The Reeler


October 11, 2006


The other Capote film is but a funhouse mirror alteration of its predecessor's droll routine

Truman Capote spent six years writing In Cold Blood, his haughtily self-professed "non-fiction novel." It took about half as long, 40 decades later, for the production of two feature films focused on its saga, suggesting the quintessentially flamboyant author's final work has a backstory with potential for multiple angles resembling his famously experimental narrative. The odd accident of a scheduling conflict reveals that might not be the case.

While writer-director Douglas McGrath's Infamous takes a slightly more probing (and critical) look at its curious protagonist's emotional conundrums, it's hardly more than a funhouse mirror alteration of a predecessor's droll routine. That would be Capote, of course, last year's obligatory Oscar-baiting biopic. The chatter back then mostly had to do with Philip Seymour Hoffman's utterly convincing transformation into the little man of yore, a magnificent temple so worthy of worship as to obscure a fairly mundane tempo and morose tone that played against the story's central personality. The new movie is an improvement, but only slightly; the inadvertent lesson being that the best part about In Cold Blood is In Cold Blood itself, regardless of its author's sparkling idiosyncrasies.

The road to Infamous is paved with Capote, even though both movies were greenlit at roughly the same time. Both follow the same arc for nearly two-thirds of the entire story, and hence suffer from the same flaws. The snail-paced exposition is essentially a by-the-numbers recreation of Capote's creative revelation. When the chic New Yorker (this time embodied by Toby Jones, bringing a tinge more oomph to the smug persona) reads about the tragic slaying of a Kansas family, he journeys down to the Midwest to translate it into classy metropolitan literature. His travel companion, Harper Lee (Sandra Bullock) hit her own professional goldmine with To Kill a Mockingbird, but in this tale she's second-fiddle to her investigative pal. He needs all the help he can get -- nobody's talking, especially not the stubborn police chief (Jeff Daniels), who refuses to allow Capote access to the details of the case. After much muckraking, he shamelessly flaunts Hollywood anecdotes ("You arm wrestled Humphrey Bogart?") in order to raise local eyebrows. But the real breakthrough arrives when both killers are apprehended and Capote convinces them to cooperate on his project.

The guilty suspects couldn't be less alike: Dick (Lee Pace) is nonchalant about his malice, while Perry (Daniel Craig) is reserved and guilt-ridden. They are, as in Capote's pseudo-novel, the most fascinating characters, so why not start with them? McGrath takes too long developing Capote's fancy New York environment, but at least he employs an ambitious technique: Capote's friends and colleagues share their memories of the writer via faux talking head interviews, which sets up for a host of talent to furnish their abilities through monologue. Sigourney Weaver, Hope Davis and Peter Bogdanovich (looking good, but his directorial talents are sorely missed) ham it up as Capote's army of cultural elite. The problem with the staged docudrama method is that doesn't fit the ongoing storyline, creating an effect akin to routinely switching between McGrath's film and a Christopher Guest mockumentary knock-off -- which Capote, judging from his liberal use of fact and fiction, may have appreciated.

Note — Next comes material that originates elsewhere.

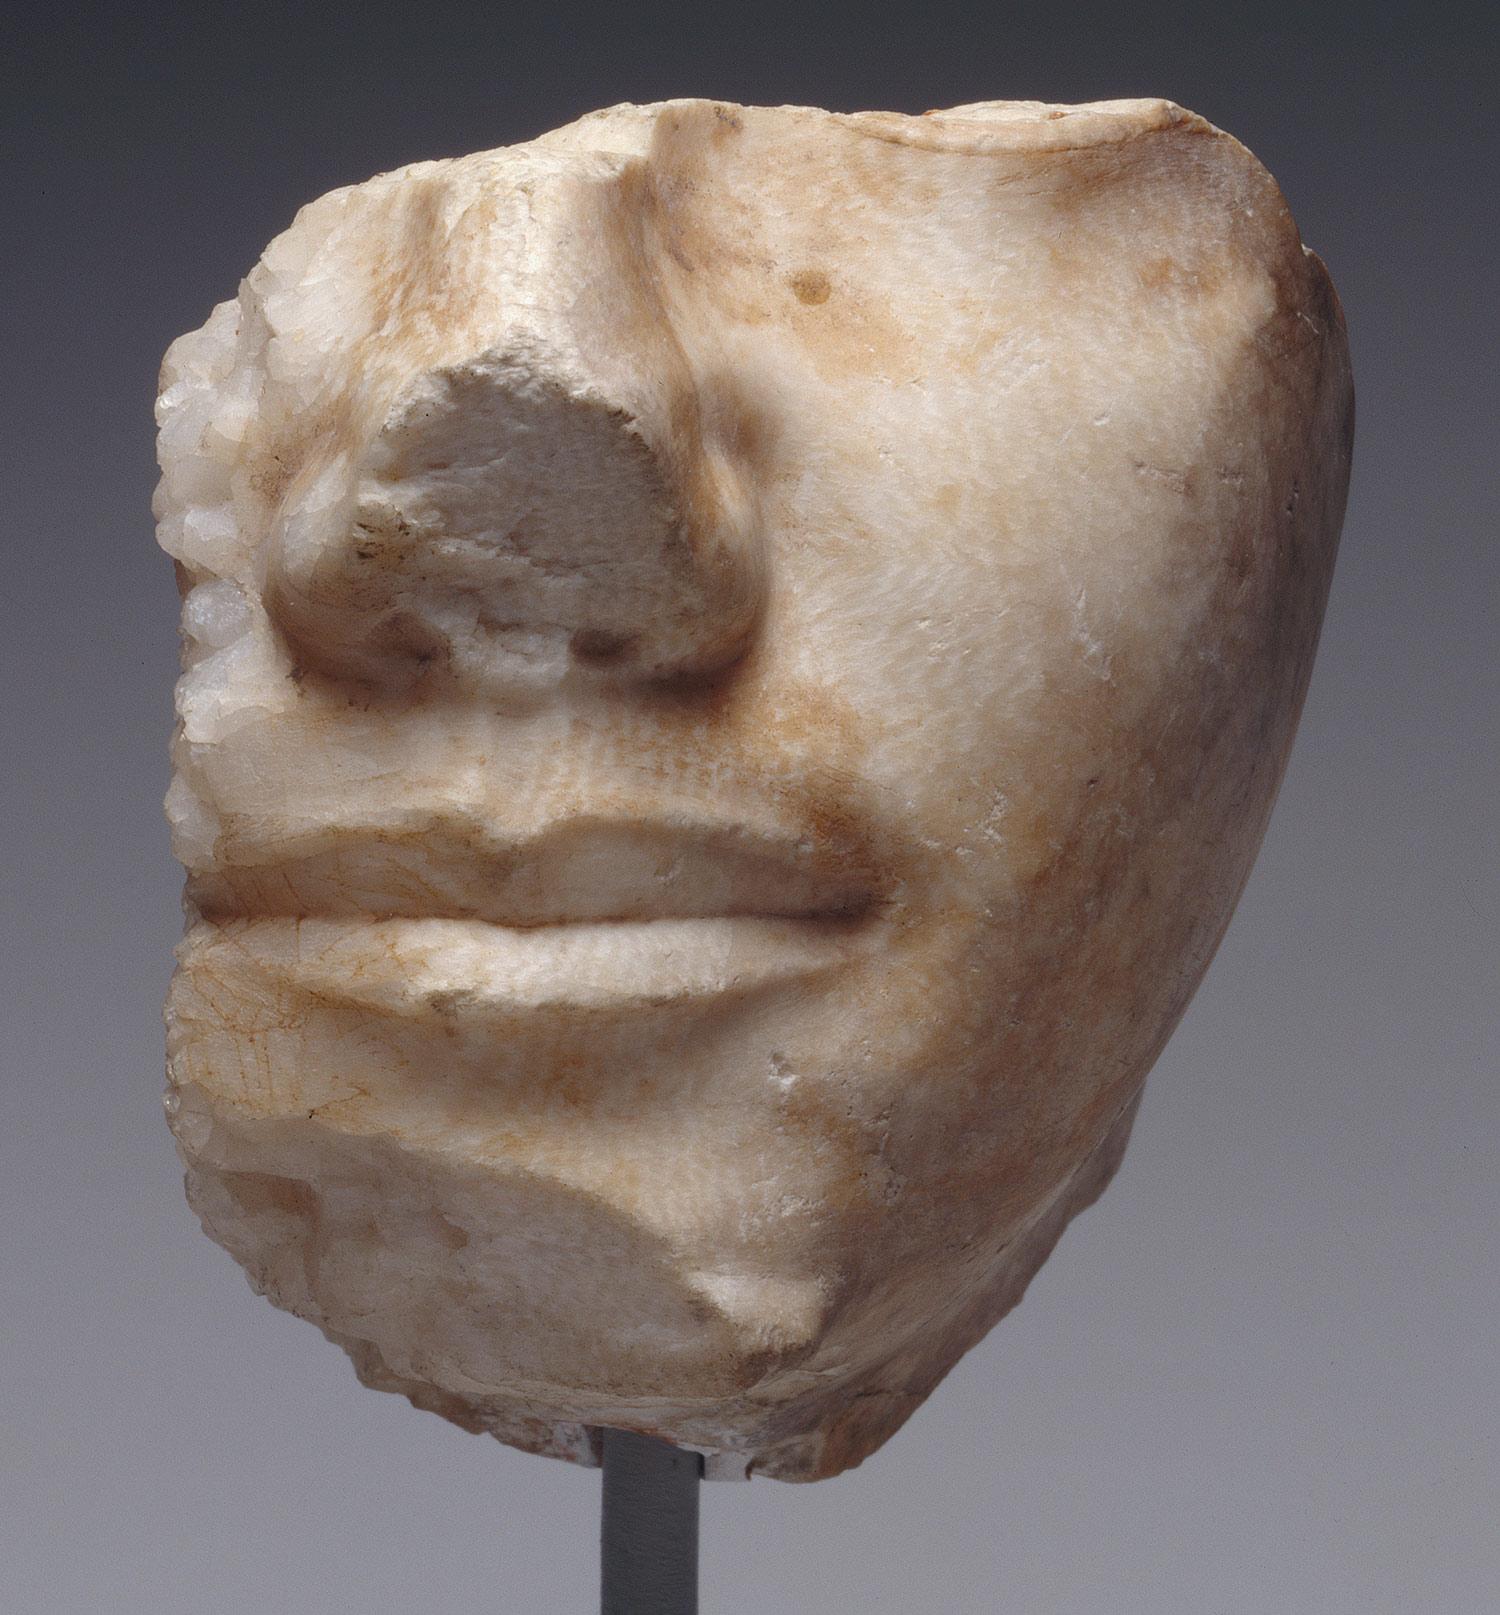 https://i1.wp.com/www.metmuseum.org/toah/images/h2/h2_26.7.1392.jpg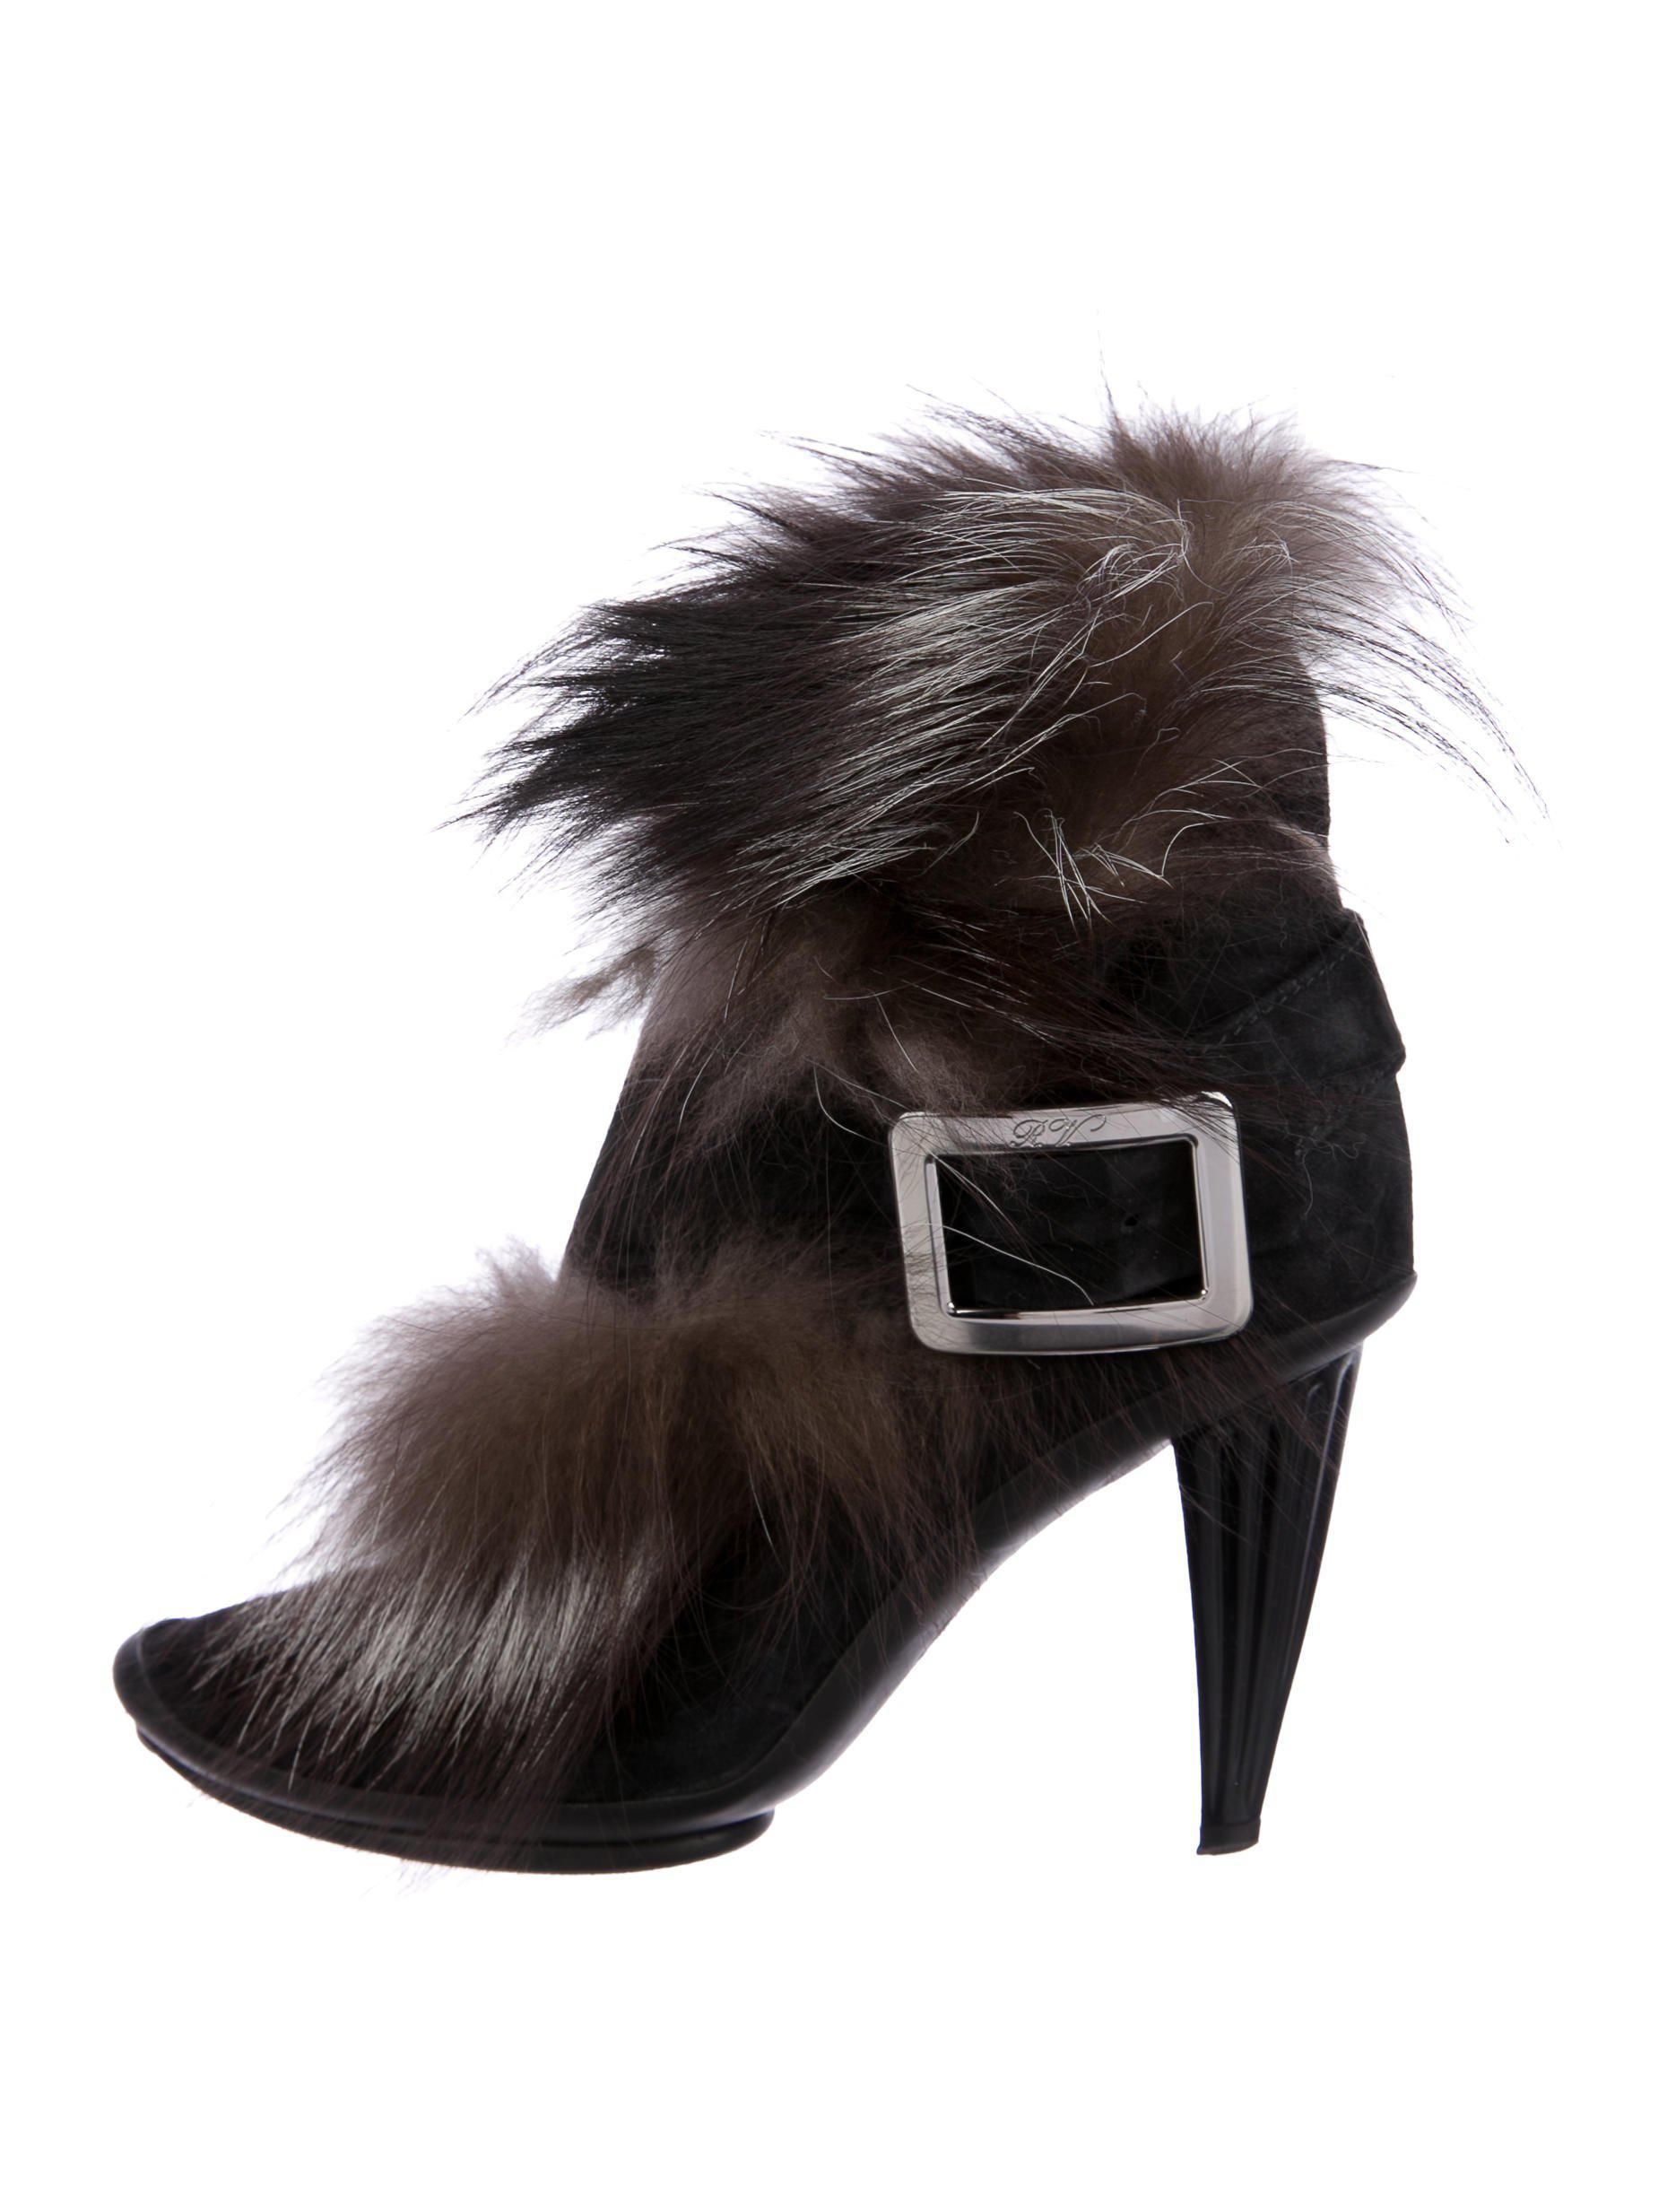 ost release dates Roger Vivier Suede Fur-Trimmed Ankle Boots comfortable sale online latest for sale cheap shop WxvM86A

Infamous takes a radical departure from Capote turf by choosing to incorporate the insinuation that Capote lost interest in his New York boy toy once he fell for Perry's soft-hearted personality. McGrath, working from George Plimpton's book-length expose Truman Capote, confronts the romance head-on, which turns out to be a wise decision. Although some of their love language feels a tad contrived, those moments are fleeting; in the context of Capote's palpable connection (both physically and mentally) to his favorite of the two prisoners, the tragedy of his inability to finish another book following the publication of In Cold Blood actually makes sense.

The book argues against the death penalty through its dissection of the final dual execution, and it isn't a stretch to suggest that Capote's personal involvement with one of the prisoners strengthened the ferocity of his argument. Jones hits just the right note in the lethal finale, plummeting to exasperation while remaining focused and restrained. The deterioration of Capote's gossip-monger facade sets up an appropriate summation of what turned out to be a career in its twilight years. "There were three deaths on the gallows that night," Lee remarks -- an irony now that all three have been resurrected. Twice.